# Possibly dumb questions



## DCBassman (23 Jul 2018)

I'm not about to get an rebuke any time soon, but wanted to know how sophisticated the drive systems are.
Considering the price of the things, I'd be wanting the machine to be able to add charge when coasting/descending, and at the money-no-object level, maybe regenerative braking also.

As said, maybe dumb questions, but...


----------



## NickWi (23 Jul 2018)

Read this:- https://www.pandaebikes.com/regen-braking-ebikes-worth/


----------



## DCBassman (23 Jul 2018)

Ok, no regen, no problem. The (to me) simpler problem, recharge in long descent, would seem eminently feasible on a hub motor, maybe more problematic on crank motors.
By the time I need or can afford one, maybe these questions will be closer to solution.
Me being me, I'd DEFINITELY strap a solar cell on somehow. Just because!


----------



## Pale Rider (23 Jul 2018)

Recharging on a long descent is a non-starter.

It's true the motor, if being spun by the bicycle's wheels, would produce a tiny amount of current.

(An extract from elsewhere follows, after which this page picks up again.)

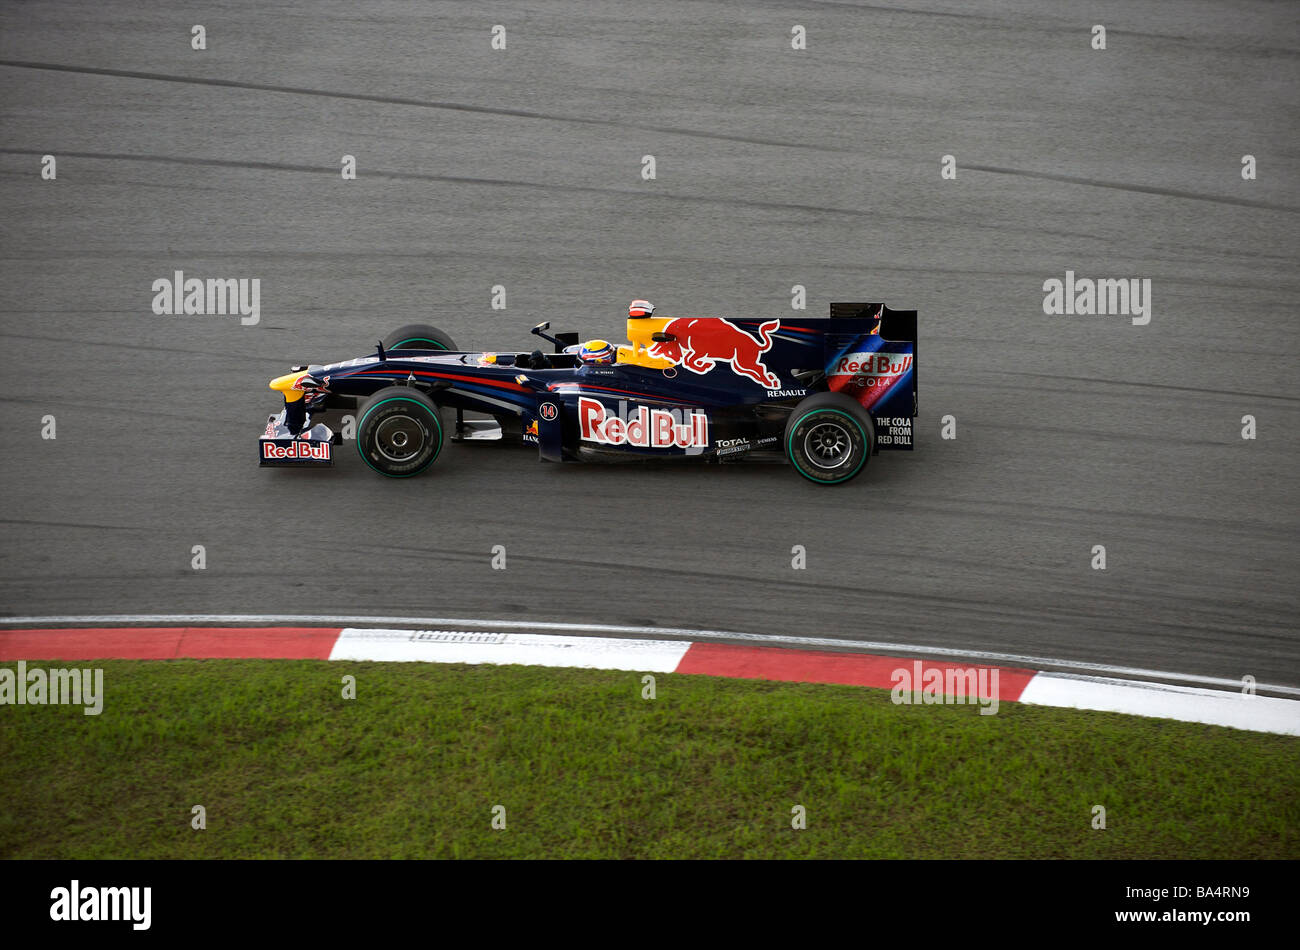 Red Bull Racing driver Mark Webber of Australia steers his car during the third practice session ahead the 2009 Fia Formula One Stock Photo

But that amount is truly tiny and can only be produced - at the expense of some drag - for the length of time the bicycle is going downhill, which is only a few seconds or a minute or so at a time.

Using the far pokier mains (rectified) charger takes hours to charge an ebike battery.

Using the mains charger for 10 minutes would make no noticeable difference to the state of charge of the battery, and that's way more charge than you could ever produce on the road.


----------



## DCBassman (23 Jul 2018)

A well-designed dc motor should be able to produce more than a tiny current when 'used in reverse'. If not, it's probably not a terribly efficient motor to start with. The key is good permanent magnets. If these motors have field coils, and would need excitation to generate, that's more of a problem.


----------



## Laser Man (28 Oct 2018)

Modern brushless motors are plenty efficient enough to put lots of current back into a battery (given the right circuitry).

There's a big snag though - in order to recharge the battery, the motor must take power out of the bike.
So regenerative is only a good idea if you want to fly up hills and crawl down them!


----------